Swans and Zombies: Neoliberalism's Permanent Contradiction
It wasn’t a black swan.
The term was coined by Nassim Taleb, a former hedge-fund manager turned author of bestselling books on finance, and it served as a popular description of the 2008 financial crisis. It refers to an event of such peculiarity that it cannot be predicted or related to preceding developments. All swans are white until they aren’t. Taleb’s characterization had that charisma of the paradoxical analysis that says this can’t be analyzed. At best you can expect the unexpected.
As months have passed and molten panic has cooled to the rocky facts of a global slowdown, this idea has been quietly abandoned. There are still a few ideologues who think the crisis was caused by the Community Reinvestment Act or by a claque of particularly invidious bankers; that it was just a few ill-advised or morally dubious decisions made by lenders, borrowers or speculators sometime in the 2000s that brought the economy to a halt. It is now high time—and highly possible—to move toward a more thorough understanding, and it is in this direction that much of the thinking and writing about the crisis has been going.
In lieu of the black swan theory, the following things have become clear. The crisis wasn’t financial but economic. The supposed failure of liquidity was, in fact, insolvency; it was a long time coming; finally there was not enough actual value (as opposed to paper profits) in the circuits to sustain the economic order. This wasn’t a momentary event; we are in the fourth year of an unfolding sequence that is itself the climax of a lengthier reorientation of politics, economics and social relations commonly known as neoliberalism.
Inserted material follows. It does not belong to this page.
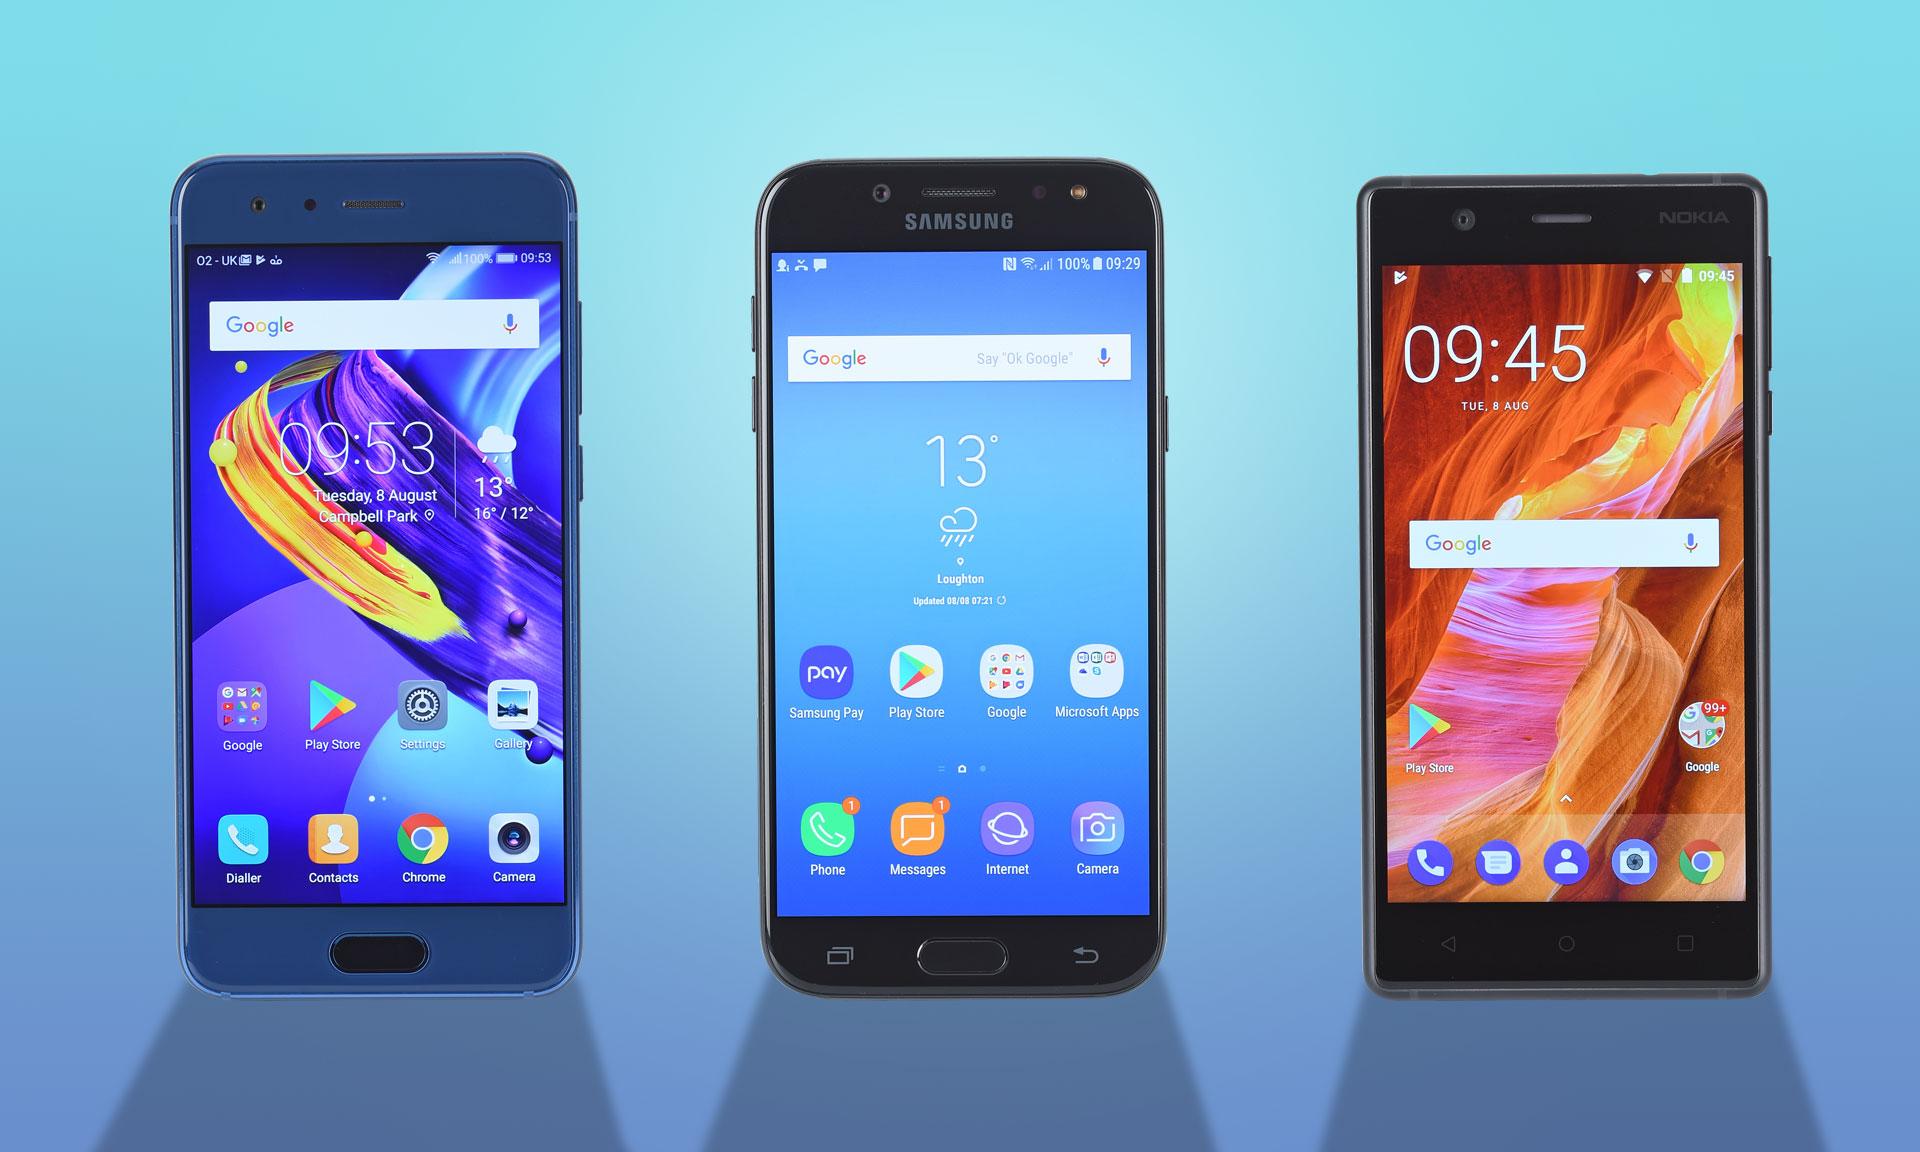 Mobile phone dating uk free cornwall dating
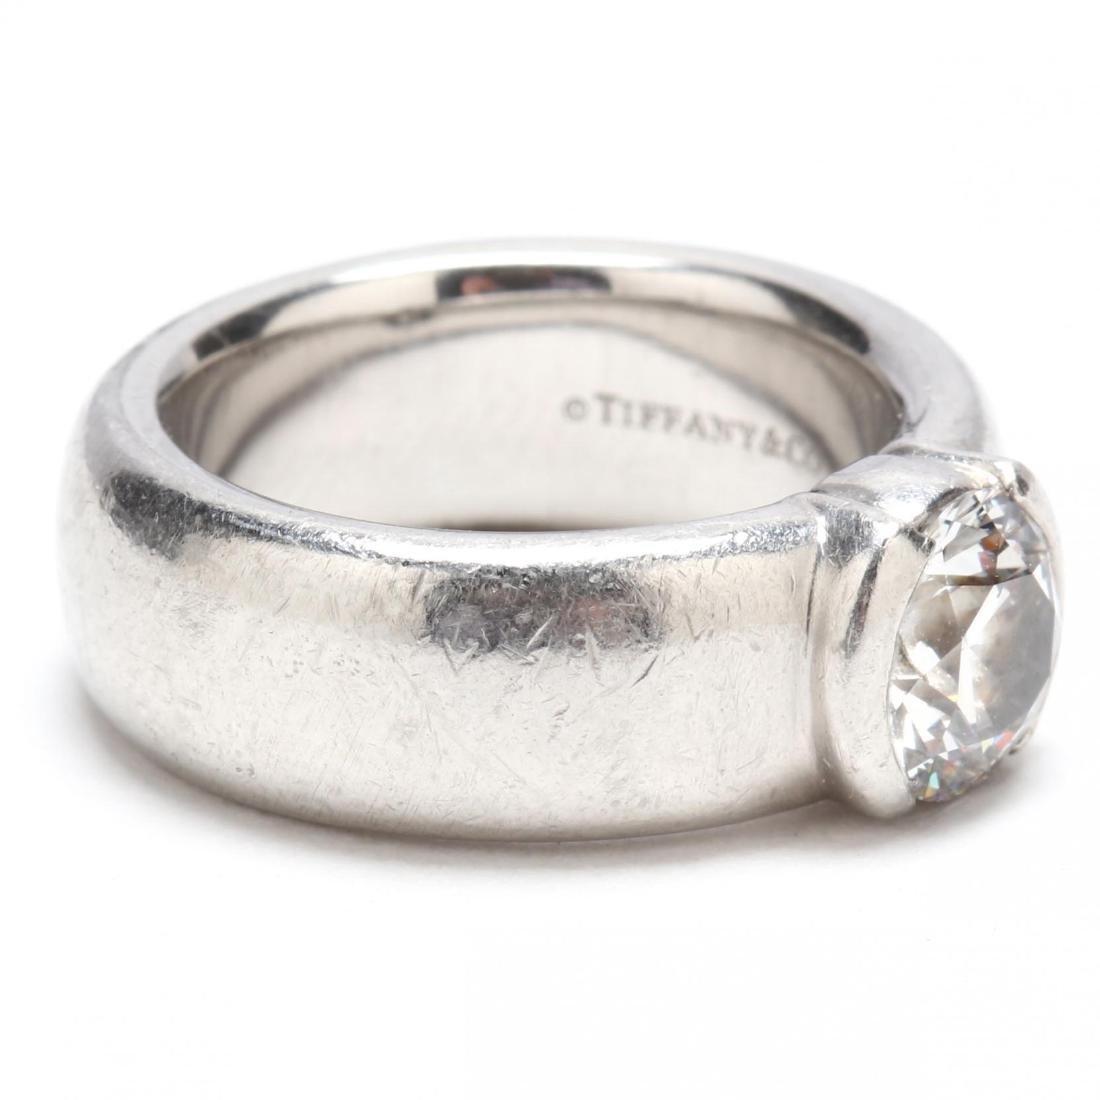 Platinum and Diamond Ring, Tiffany & Co. - 2

Scarcely existing before 1980, the term “neoliberalism” became commonplace between the fall of the Berlin Wall and the fall of Lehman Brothers. It is surely tossed about more than understood. This much is something like common knowledge: neoliberalism’s roots are in the classical liberalism of Adam Smith and John Stuart Mill, and the idea that a government exists to assure the individual liberty and economic opportunity of its people. Its parents are Margaret Thatcher and Ronald Reagan; thus, its birth is often dated to around 1979. It is inseparable from the idea of globalization, but it seems to emanate from the United States. Its ideological field contains both Republicans and Democrats; more confusing, it includes liberals and conservatives, and even—especially—neocons. It is the triumph of the liberal idea at a planetary scale. In Thatcher’s famously implacable pronouncement, “There is no alternative.”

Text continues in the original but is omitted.